Desenvolvimentos em IA Recebem Reações Mistas: Google Lança Genie, Sora Enfrenta Dificuldades e Anthropic Sofre Processo por Violação de Direitos Autorais
O Google DeepMind começou a oferecer acesso ao seu gerador de mundos de IA, Project Genie, para assinantes do Google AI Ultra nos EUA na quinta-feira, enquanto o aplicativo de geração de vídeo Sora, da OpenAI, experimentou um declínio em downloads e gastos do consumidor após um forte lançamento inicial. Enquanto isso, editoras de música processaram a Anthropic por suposta violação de direitos autorais de mais de 20.000 músicas, buscando US$ 3 bilhões em indenizações.
O Project Genie, alimentado pelo Genie 3, Nano Banana Pro e Gemini do Google, permite que os usuários criem mundos de jogos interativos a partir de prompts de texto ou imagens, de acordo com o TechCrunch. Esta medida, cinco meses após a prévia de pesquisa do Genie 3, visa coletar feedback do usuário e dados de treinamento para desenvolver modelos de mundo mais capazes. Modelos de mundo são sistemas de IA que geram uma representação interna de um ambiente, prevendo resultados futuros e planejando ações.

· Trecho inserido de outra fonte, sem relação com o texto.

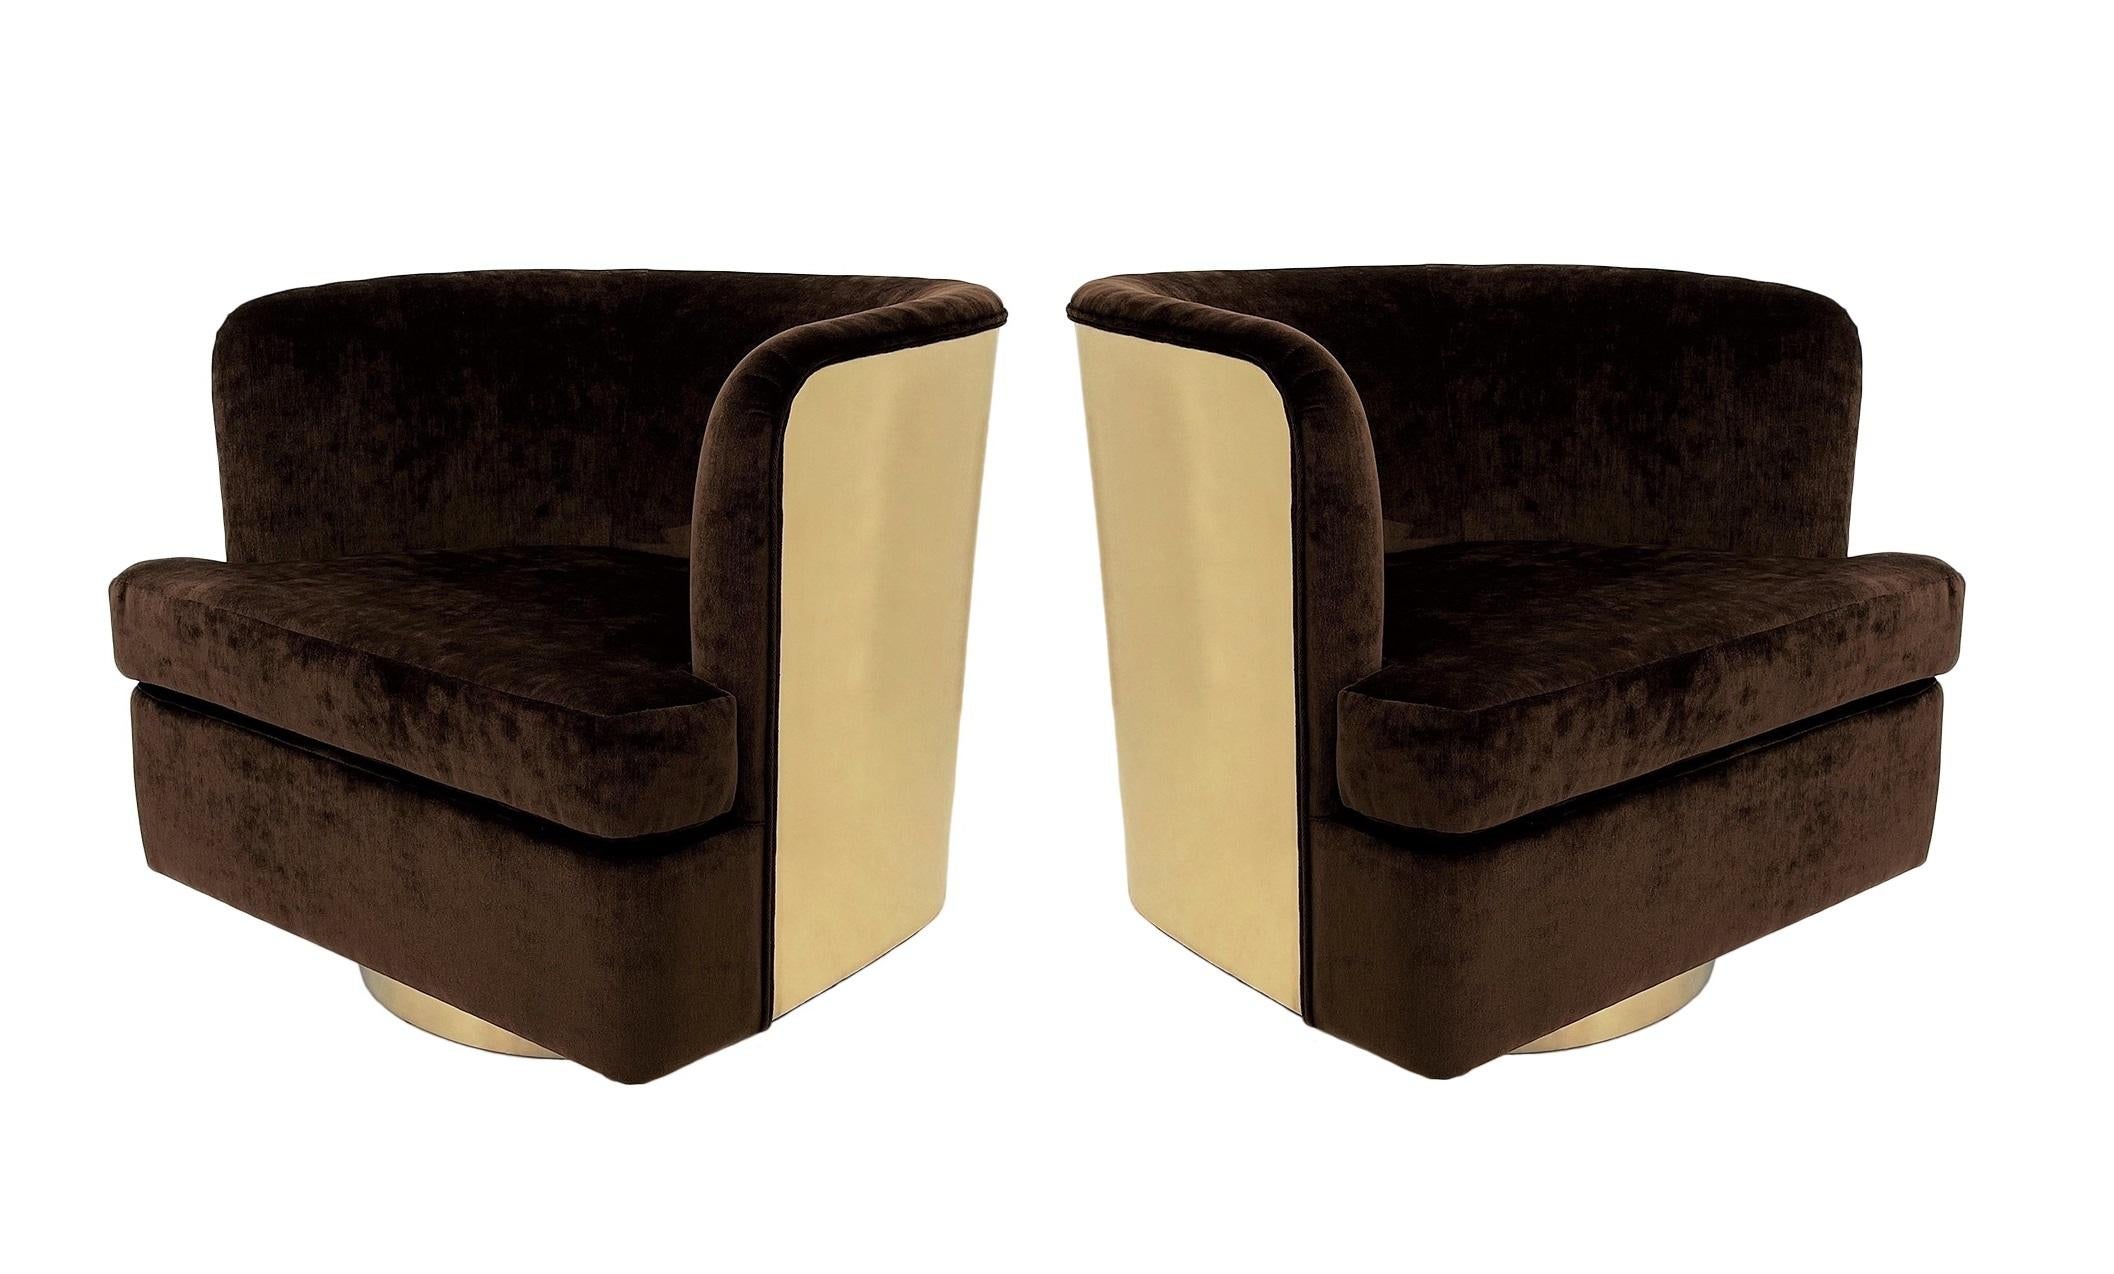 This stunning pair of heirloom quality barrel chairs by Milo Baughman for Thayer Coggin. Super high style, swivel chairs recovered in luxurious brown velvet that contrasts beautifully against the gleaming mirror-finish brass backs and bases. The
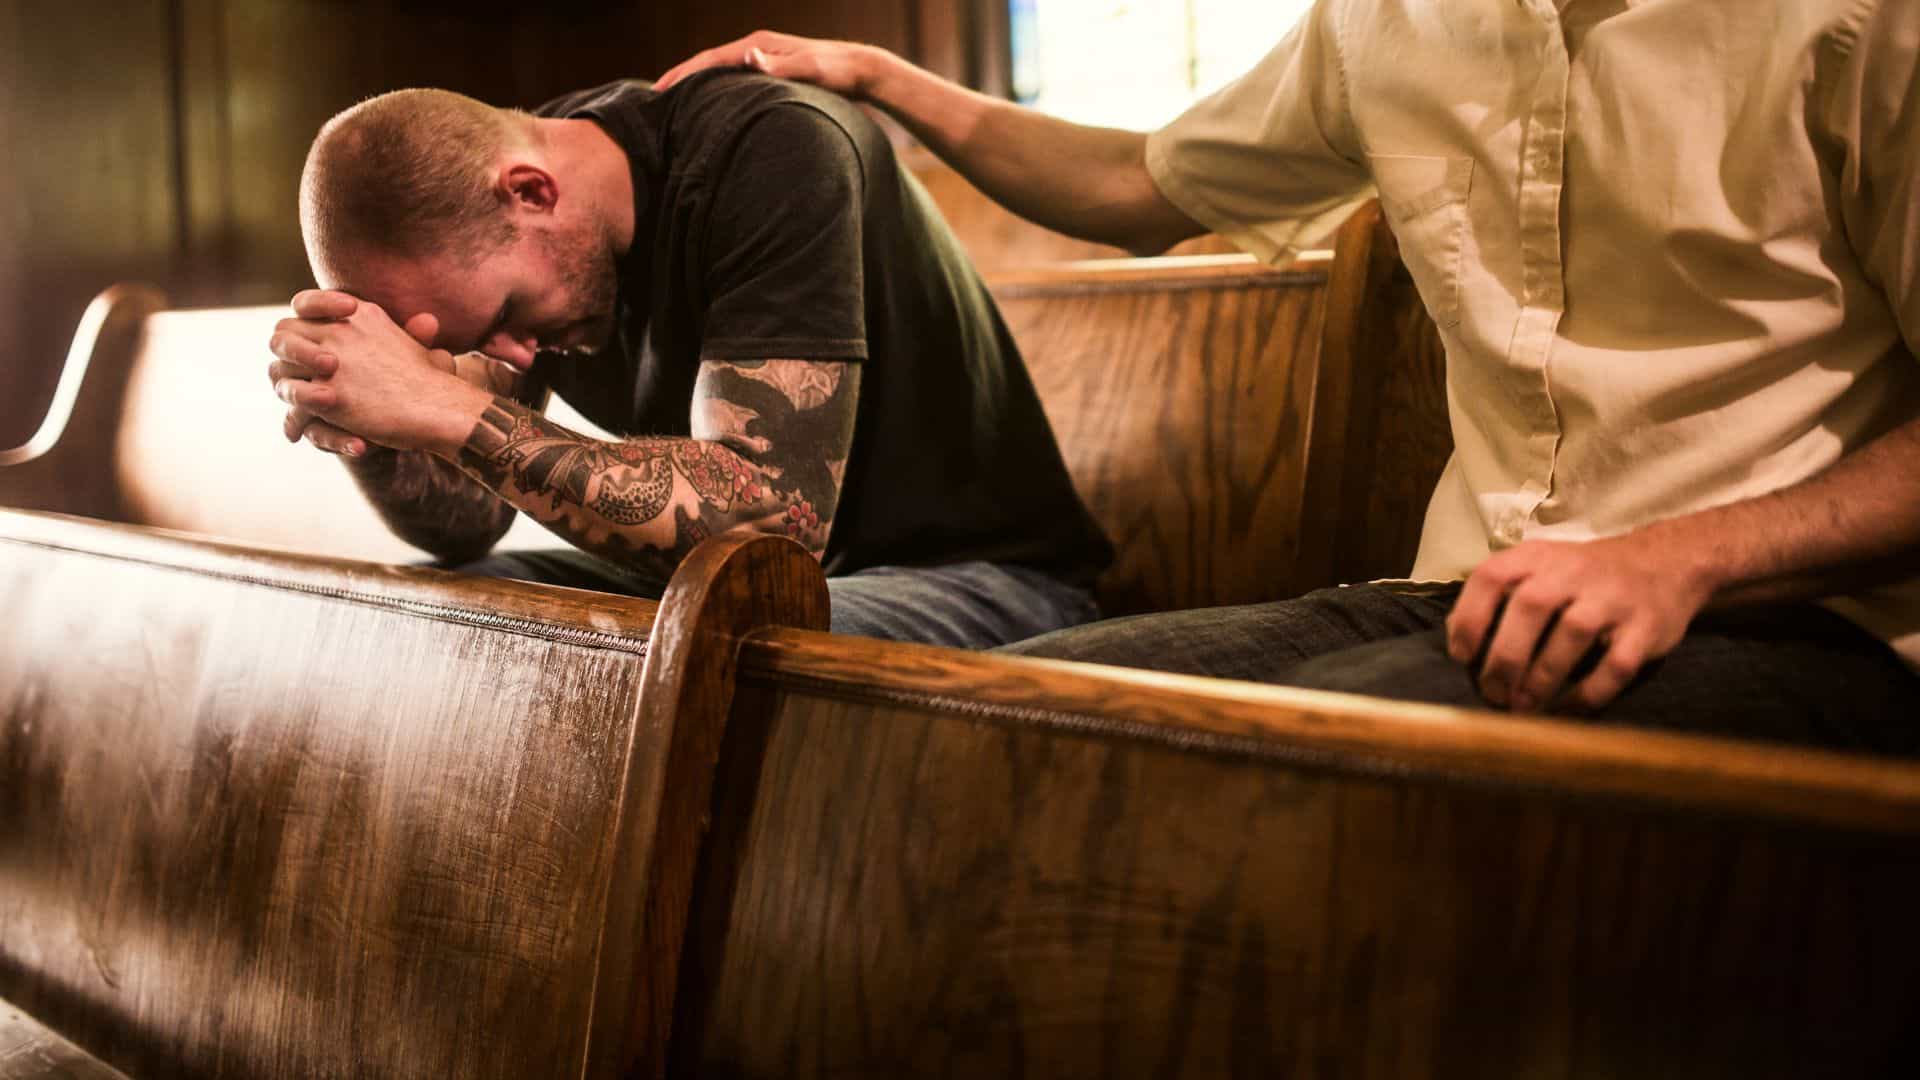 Sexual Abuse: How the Church Should Respond

Em contraste, o aplicativo Sora da OpenAI, alimentado pelo modelo de geração de vídeo Sora 2, teve um declínio após inicialmente liderar a App Store em outubro. Apesar de atingir mais de 100.000 instalações em seu primeiro dia e atingir rapidamente 1 milhão de downloads, dados da Appfigures indicaram uma diminuição nos downloads de aplicativos e nos gastos do consumidor. O aplicativo exclusivo para iOS e apenas para convidados inicialmente superou até mesmo o ChatGPT em velocidade de download.
A Anthropic enfrentou desafios legais quando um grupo de editoras de música, incluindo Concord Music Group e Universal Music Group, entrou com uma ação judicial alegando "pirataria flagrante" de mais de 20.000 músicas protegidas por direitos autorais. As editoras alegaram que a Anthropic baixou ilegalmente partituras, letras de músicas e composições musicais. O processo, buscando indenizações que podem exceder US$ 3 bilhões, foi movido pela mesma equipe jurídica envolvida no caso Bartz v. Anthropic, onde autores acusaram a empresa de IA de usar suas obras protegidas por direitos autorais para treinar modelos como o Claude. Embora o juiz William Alsup tenha decidido que treinar modelos de IA em conteúdo protegido por direitos autorais é legal, as editoras estão prosseguindo com seu caso.
Os desenvolvimentos em IA ocorrem no momento em que uma pesquisa da Game Developers Conference revelou que 52% dos desenvolvedores acreditam que a IA generativa é ruim para a indústria de jogos, de acordo com o The Verge. Apesar da adoção da IA generativa no desenvolvimento de jogos, uma parcela significativa de desenvolvedores expressou preocupação com o impacto da tecnologia.